あの事件の時、アルが王子様だと聞いてびっくりした。しかも王子様姿のアルは光り輝く金髪に、深い青の瞳をしていて、そのうえ王子の正装をしている。王子姿のアルはものすごく美形で、本に出てくる本物の王子様そのものだった。
王子様どころか、普通の男性にすら免疫のない私が対応できるはずもなく、恥ずかしさに顔も見られない状態だ。
「なにかお前、王城でオレに会うといつもおかしいな。やっぱりこの姿が違和感でもあるのか?中身は同じだぞ」
そういって、私の目を無理やり自分に向けるようにする。無理無理!!近い!!すると突然アルが私の両頬を両手でつかむと、無理やり私の顔を自分の顔に向けて固定させた。
「お前はこの前からそうやって逃げるばかりだ。もういい加減オレも実力行使に出させてもらう」
「ちょっと!!やめてってば!!」
私は必死に抵抗するも、アルに抑えられた顔は微動だにしない。なけなしの抵抗を試みて、目を塞いだ。これだとアルの顔は見えない。
「目を開けろ。セシリア・・・」
「やだ・・・絶対やだ・・・・!」
アルの怒っているような声が聞こえるが、無視して瞼に力を込める。
「目を開けろ!サクラ!」
何度言われても絶対に開けないもんね。
「やだったら・・・やだ!!」
しばらくそんな言い合いが続いた後で、突然アルが無言になった。もしや、ものすごく怒ってしまったのではと気が気ではなくなったが、いま目を開けるとどう考えても至近距離に、アルの顔があるに違いない。そんな衝撃にこの私が耐えられるわけがない!!

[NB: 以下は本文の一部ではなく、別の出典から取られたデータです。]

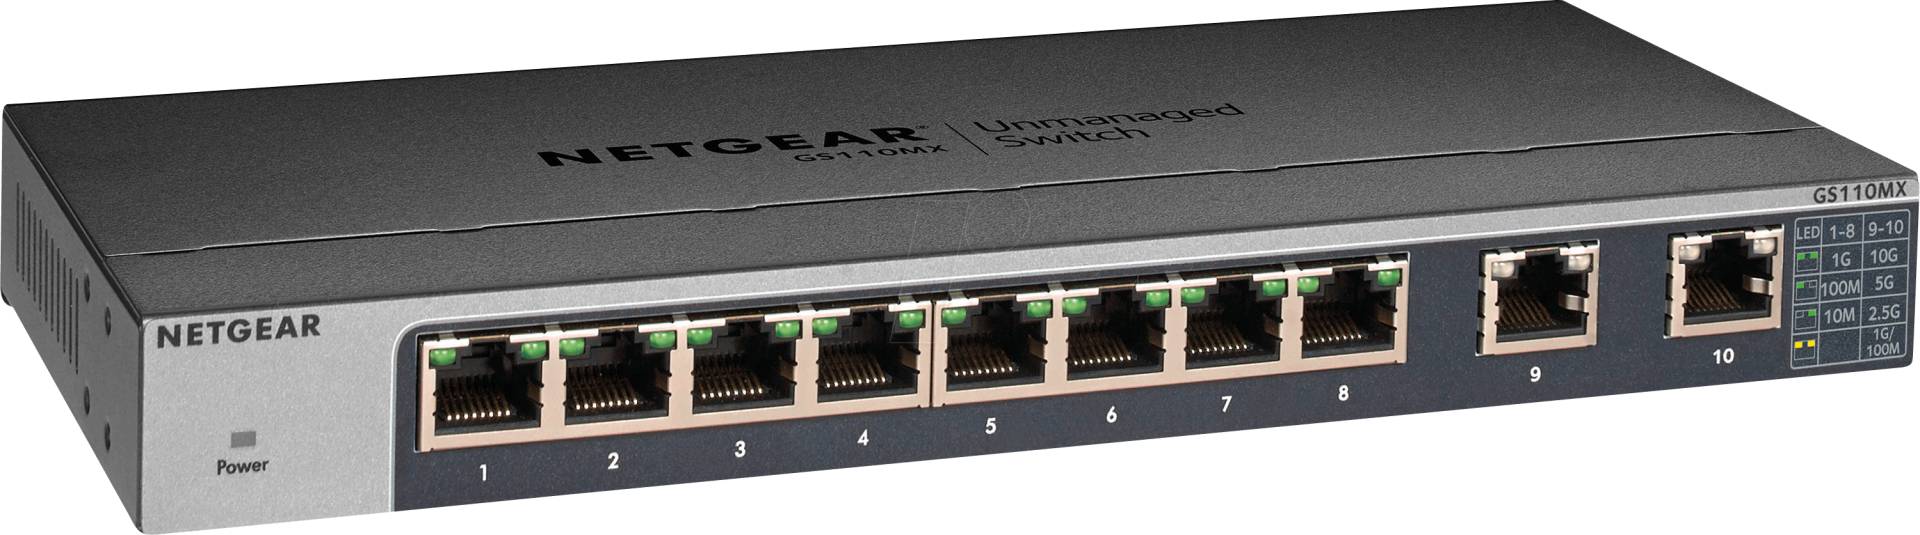 NETGEAR GS110MX - Switch, 8-Port, Gigabit Ethernet von Netgear

そんな事を考えていると、突然唇に柔らかいものが触れた。最初はあまりにも突然で何だかわからなかったけれど、そういえばこの感触には覚えがある。
アルがセイアレスとの戦いで瀕死の重傷を負った時、私の膝に頭を置いたアルが最後にキスをしてほしいと言った時の感触だ。あの時のキスは涙と血の味がして、だんだん弱っていくアルを見てもう死んでしまうのではないかと恐怖した。あの時の感触・・・。
「んっ・・・・」
「んんっ・・・・」
何度も唇を離してはまた近づける。私はキスの海に溺れそうになる。頭の中がボーっとして何も考えられたくなる。何回キスを繰り返したのだろうか・・・。暫くすると、アルがキスをやめたと思ったら、額を私の額にくっつけた。さすがにびっくりして目を開けると、すぐ目の前にアルの目が見えた。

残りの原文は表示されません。